History: The story of Hull House Mortuary actually begins in 1810 when the
first settlers arrived in the area and began marking off settlements. The local
indigenous Native Americans warned the white settlers from claiming the hill by
saying it was cursed. They often left their insane and sick there to die, and
then returned to remove and bury the bodies elsewhere. The underground stream
prevented the evil spirits from escaping and settlers were not allowed to dig
for wells in the vicinity for fear of releasing the spirits. Legend soon claims that a Skomosh Indian
brave had vanished in the area while hunting for food. He was later found
camped out on the site after killing his squaw (wife) and papoose son for food.

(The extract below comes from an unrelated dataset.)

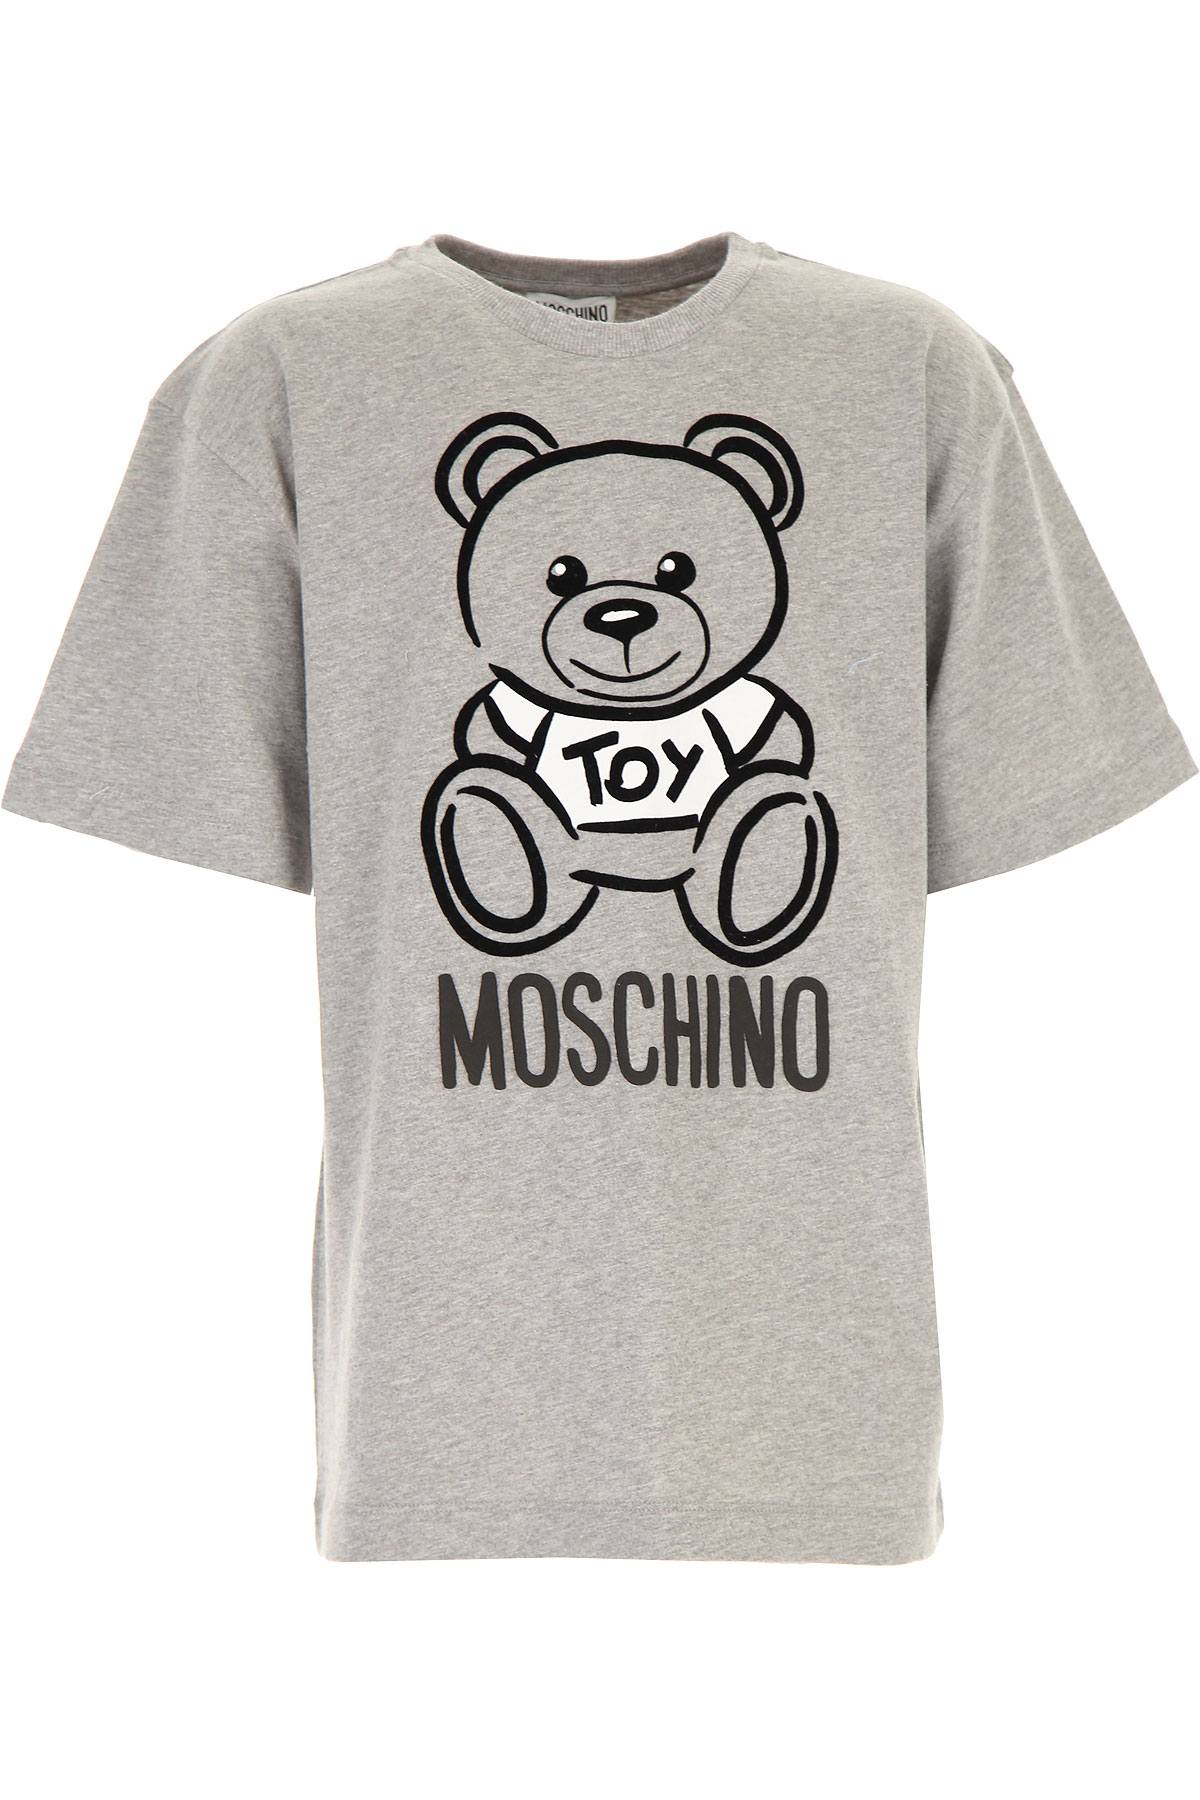 Moschino Kinder T-Shirt für Jungen Günstig im Sale, Grau, Baumwolle, 2017, 10Y 12Y 14Y

He was discovered near a tent created from their skinned bodies and gnawing on
the leg of his infant son.
By 1911, Cordell Hull became a wealthy man as
a mortician, storeowner and property owner. Owner of one of the first cemeteries,
he ended up razing the location of his mortuary in town to increase the size of
his cemetery and then rebuilding it on the hill with a far larger mansion attached
to it so that he and his family could look down upon the city. Unsubstantiated
rumors, however, claimed Hull was not the image of propriety that he seemed to
be. Rumors of him having intimate relations with his female corpses soon began
spreading, then, in 1915, a maid supposed pressed by the growing enmity in the
family went mad and poisoned the whole family. She hacked up the remains and
then committed suicide by climbing into the crematorium after turning it on at full
heat. The flames pouring from it torched part of the steel doors and the heat
was so intense that little of her was found. The mortuary closed down after it
and it became city property in 1927 after the paid property taxes on the
property ran out on the mortuary. Intent of selling the former mortuary
dissolved after the original deed vanished with a county inspector and realtor
looking over the place. He supposedly became the first unconfirmed victim of
the ghosts.
Almost ten years of homicide activity places the house in the custody of the local police department. Police regularly patrol the crime scene and stand guard every Halloween. Amateur ghost hunters, would-be vandals, suspected transients and potential devil-worshippers are often chased off from the area believed to be used as a hideout for drug-pushers and violent gang members. In spring of 2002, police picked up the creators of an illegal meth lab claiming they were being observed by a figure in a black wedding dress.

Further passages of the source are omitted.